Reproduce the data exactly and drop any pictures it holds.

Collected material |
Content starts
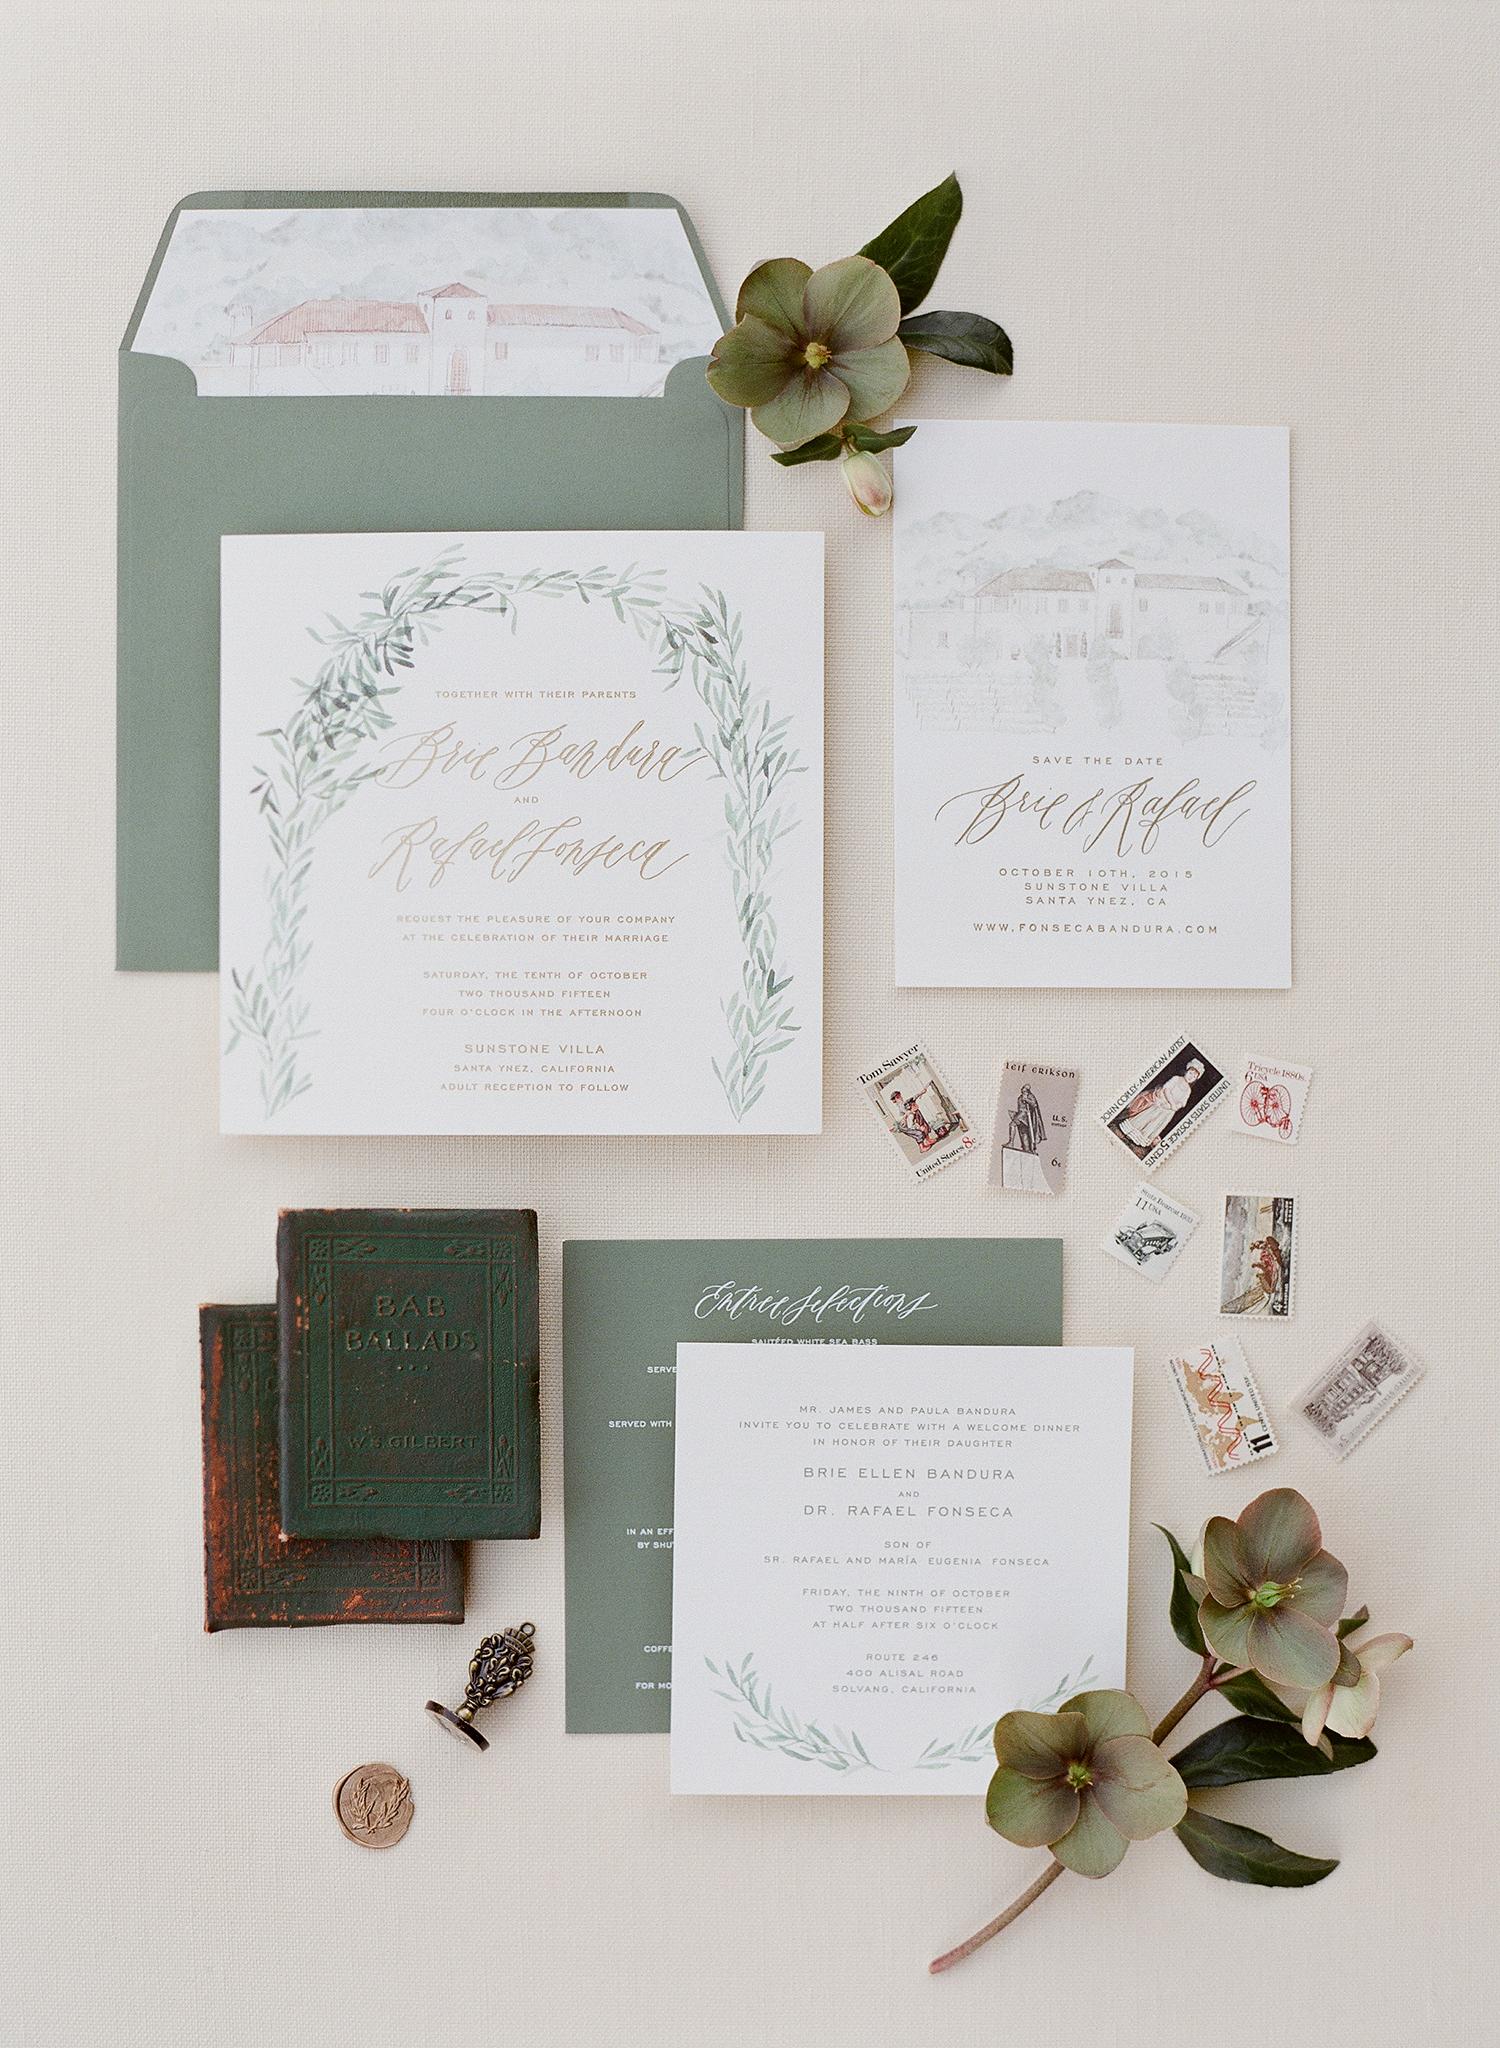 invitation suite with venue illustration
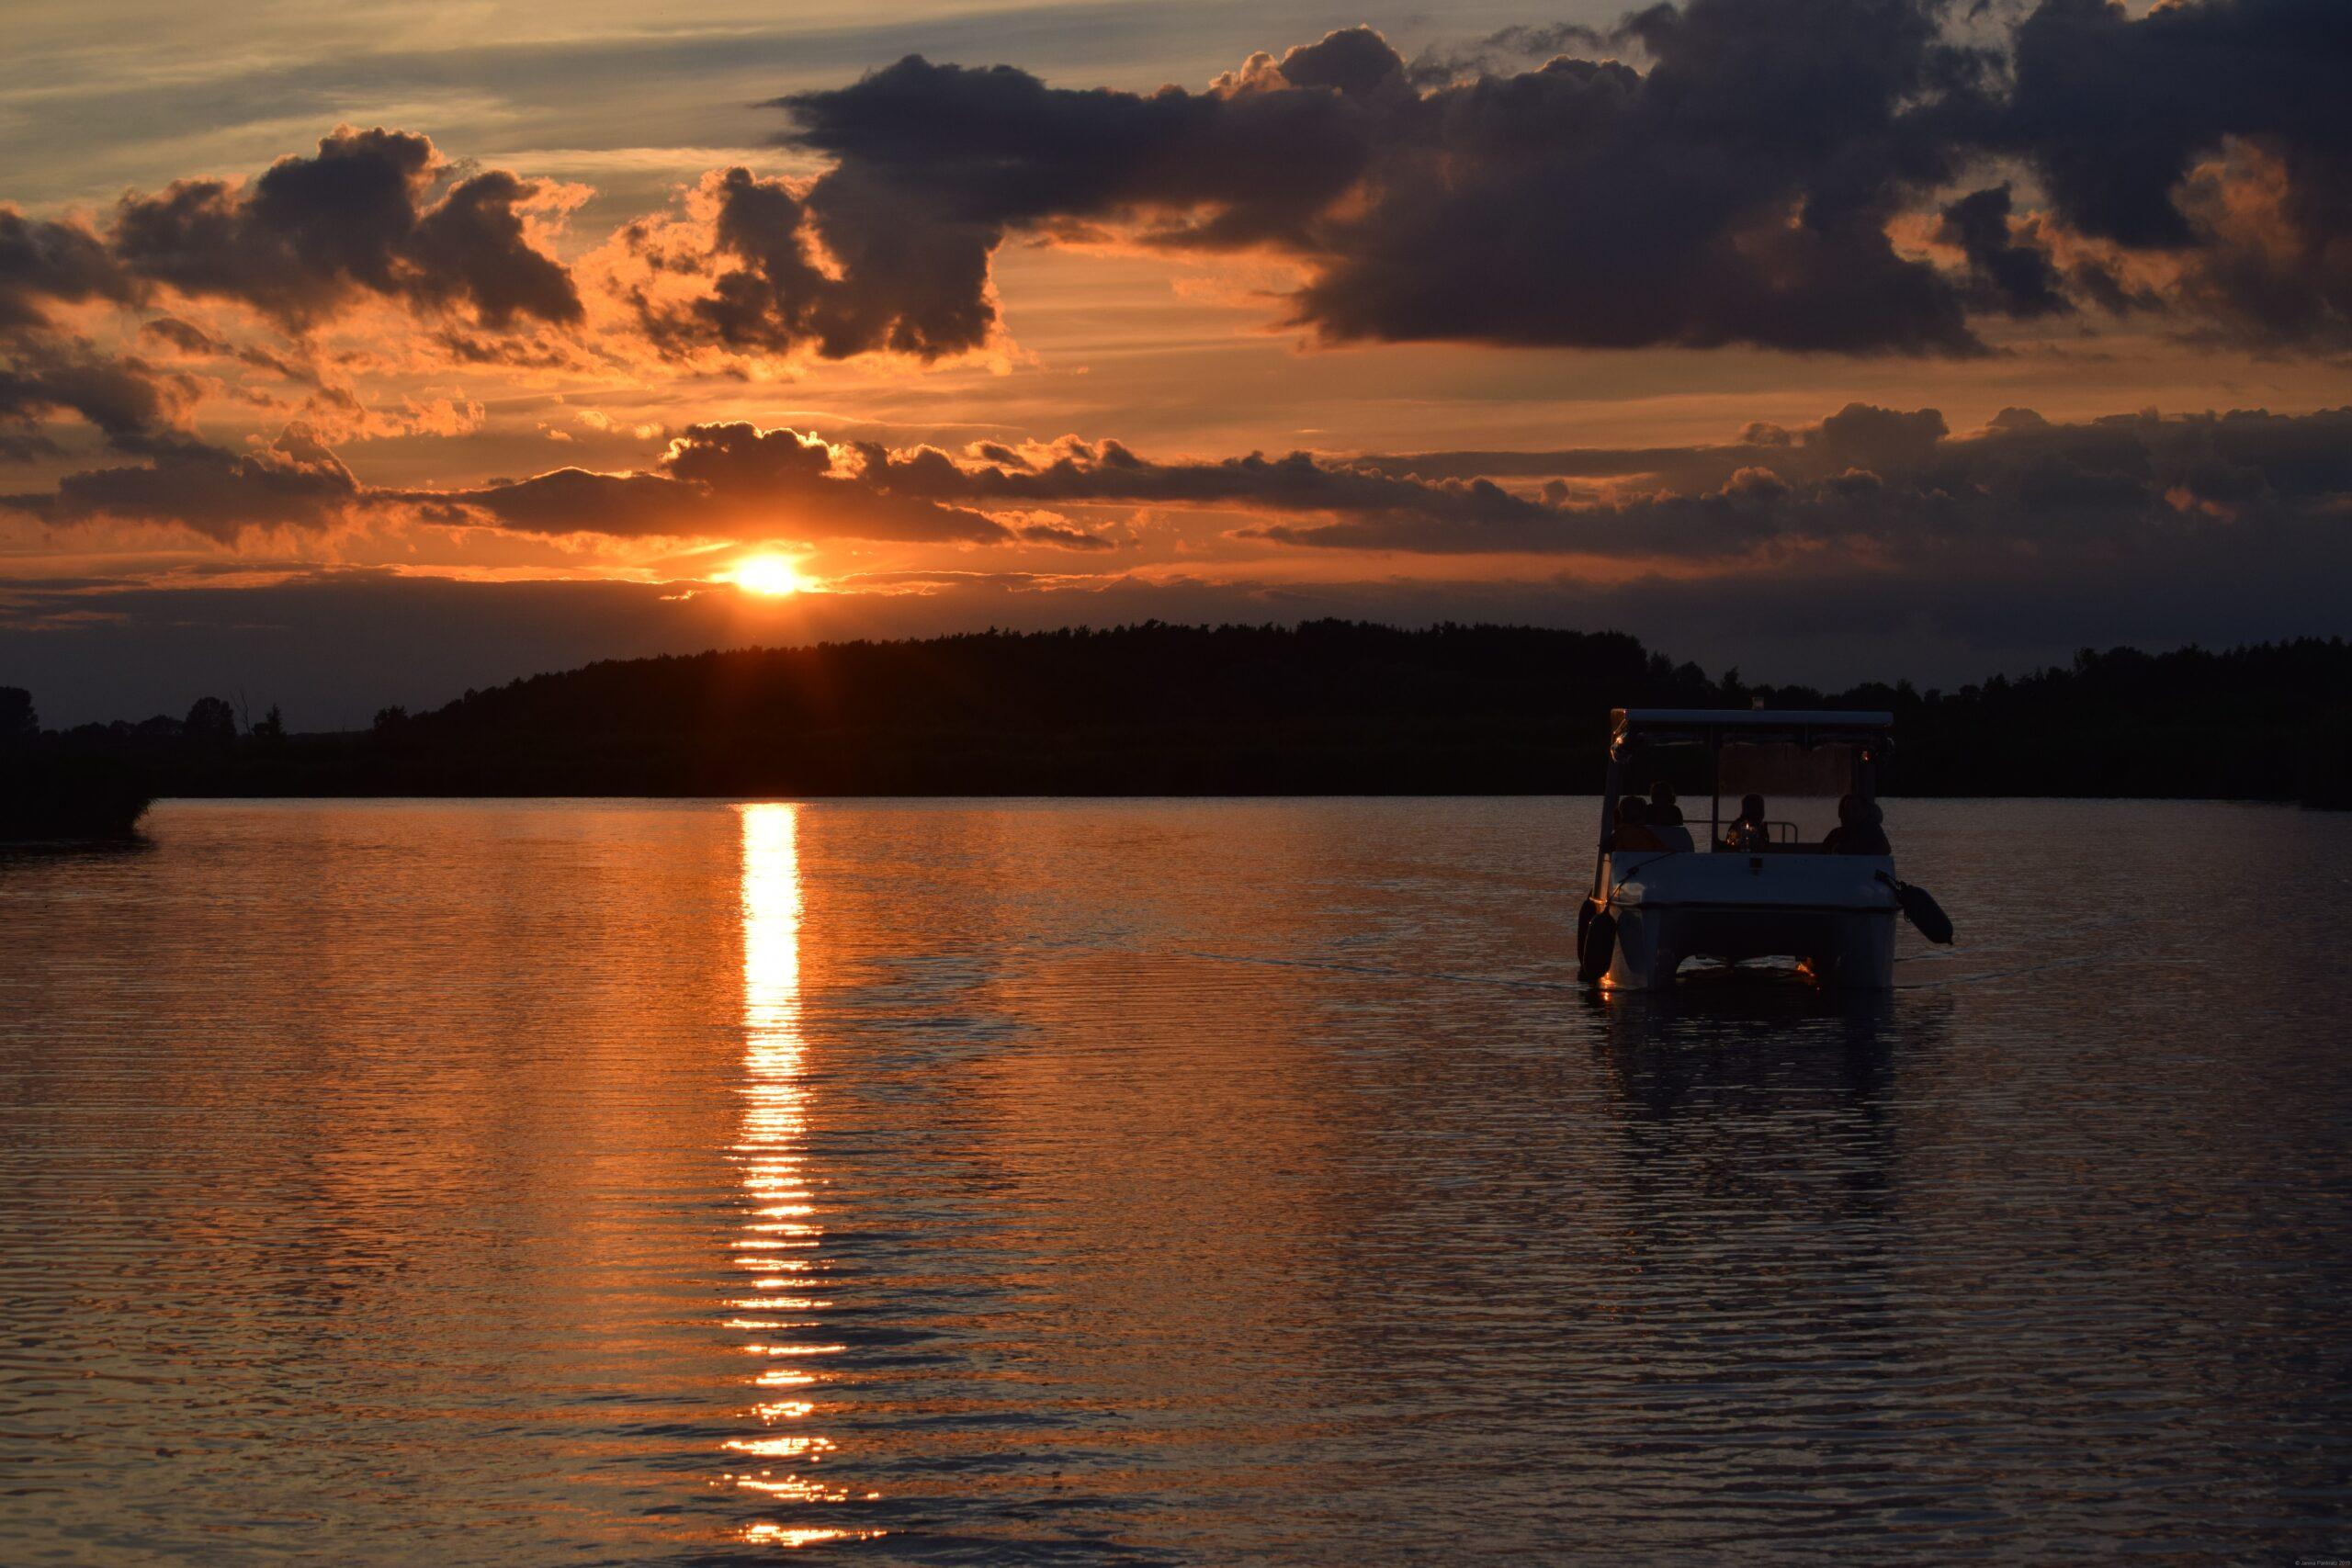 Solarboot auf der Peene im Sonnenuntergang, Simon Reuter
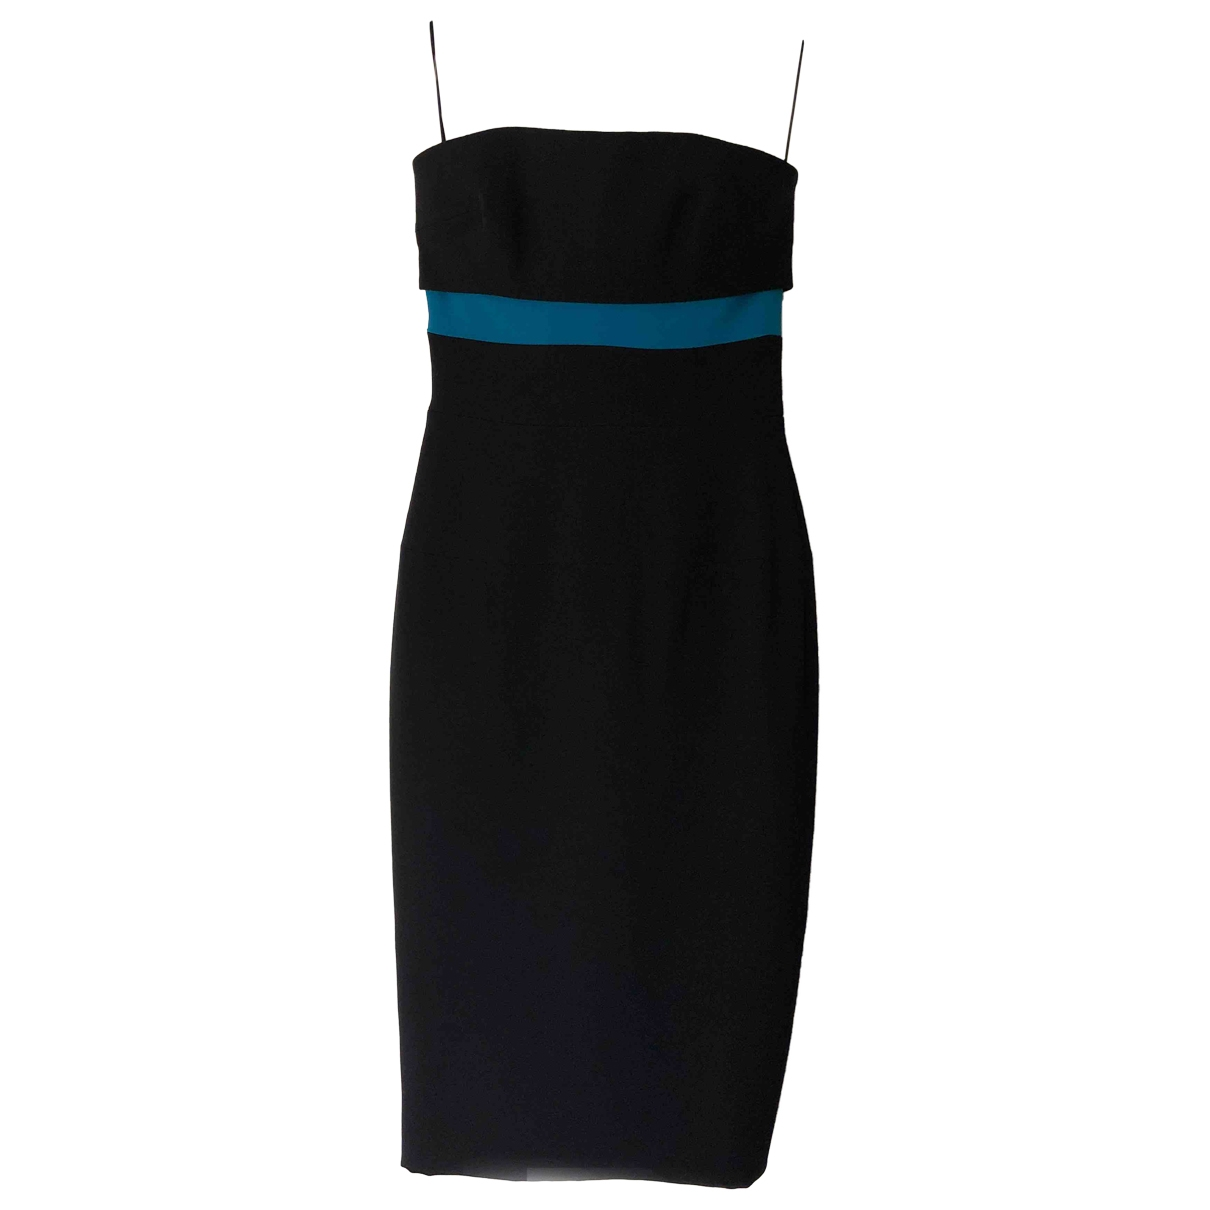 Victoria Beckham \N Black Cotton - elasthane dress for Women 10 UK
Content ends
Response |
 invitation suite with venue illustration
 Solarboot auf der Peene im Sonnenuntergang, Simon Reuter
 Victoria Beckham \N Black Cotton - elasthane dress for Women 10 UK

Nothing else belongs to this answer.